**Assignment:**
Look through the records below for the line holding "A splendid handcrafted". Write it out exactly, with each following line through the line holding "One photo showing".

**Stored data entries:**
================

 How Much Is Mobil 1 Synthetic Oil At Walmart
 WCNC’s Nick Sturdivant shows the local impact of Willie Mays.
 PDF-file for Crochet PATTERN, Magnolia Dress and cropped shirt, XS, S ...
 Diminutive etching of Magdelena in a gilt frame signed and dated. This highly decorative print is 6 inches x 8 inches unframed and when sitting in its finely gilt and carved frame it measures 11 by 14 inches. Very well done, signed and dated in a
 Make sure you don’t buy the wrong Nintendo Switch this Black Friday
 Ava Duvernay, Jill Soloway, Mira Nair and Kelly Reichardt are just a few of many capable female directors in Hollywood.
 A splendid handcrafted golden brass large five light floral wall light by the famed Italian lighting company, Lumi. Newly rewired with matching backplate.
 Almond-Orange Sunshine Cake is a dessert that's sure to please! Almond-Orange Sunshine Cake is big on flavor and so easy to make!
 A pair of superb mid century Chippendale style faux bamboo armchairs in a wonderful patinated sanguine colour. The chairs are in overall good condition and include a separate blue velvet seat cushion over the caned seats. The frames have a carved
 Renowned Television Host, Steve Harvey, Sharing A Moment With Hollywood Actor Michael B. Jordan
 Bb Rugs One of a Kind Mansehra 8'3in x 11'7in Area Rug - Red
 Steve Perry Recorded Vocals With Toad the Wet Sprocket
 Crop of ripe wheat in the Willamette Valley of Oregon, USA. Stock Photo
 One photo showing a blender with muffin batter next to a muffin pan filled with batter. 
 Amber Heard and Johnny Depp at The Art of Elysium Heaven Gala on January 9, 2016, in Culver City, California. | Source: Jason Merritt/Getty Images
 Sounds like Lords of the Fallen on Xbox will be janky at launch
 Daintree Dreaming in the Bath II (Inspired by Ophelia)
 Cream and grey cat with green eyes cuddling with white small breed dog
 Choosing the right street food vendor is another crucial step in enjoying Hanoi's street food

================

**Answer space:**
 A splendid handcrafted golden brass large five light floral wall light by the famed Italian lighting company, Lumi. Newly rewired with matching backplate.
 Almond-Orange Sunshine Cake is a dessert that's sure to please! Almond-Orange Sunshine Cake is big on flavor and so easy to make!
 A pair of superb mid century Chippendale style faux bamboo armchairs in a wonderful patinated sanguine colour. The chairs are in overall good condition and include a separate blue velvet seat cushion over the caned seats. The frames have a carved
 Renowned Television Host, Steve Harvey, Sharing A Moment With Hollywood Actor Michael B. Jordan
 Bb Rugs One of a Kind Mansehra 8'3in x 11'7in Area Rug - Red
 Steve Perry Recorded Vocals With Toad the Wet Sprocket
 Crop of ripe wheat in the Willamette Valley of Oregon, USA. Stock Photo
 One photo showing a blender with muffin batter next to a muffin pan filled with batter. 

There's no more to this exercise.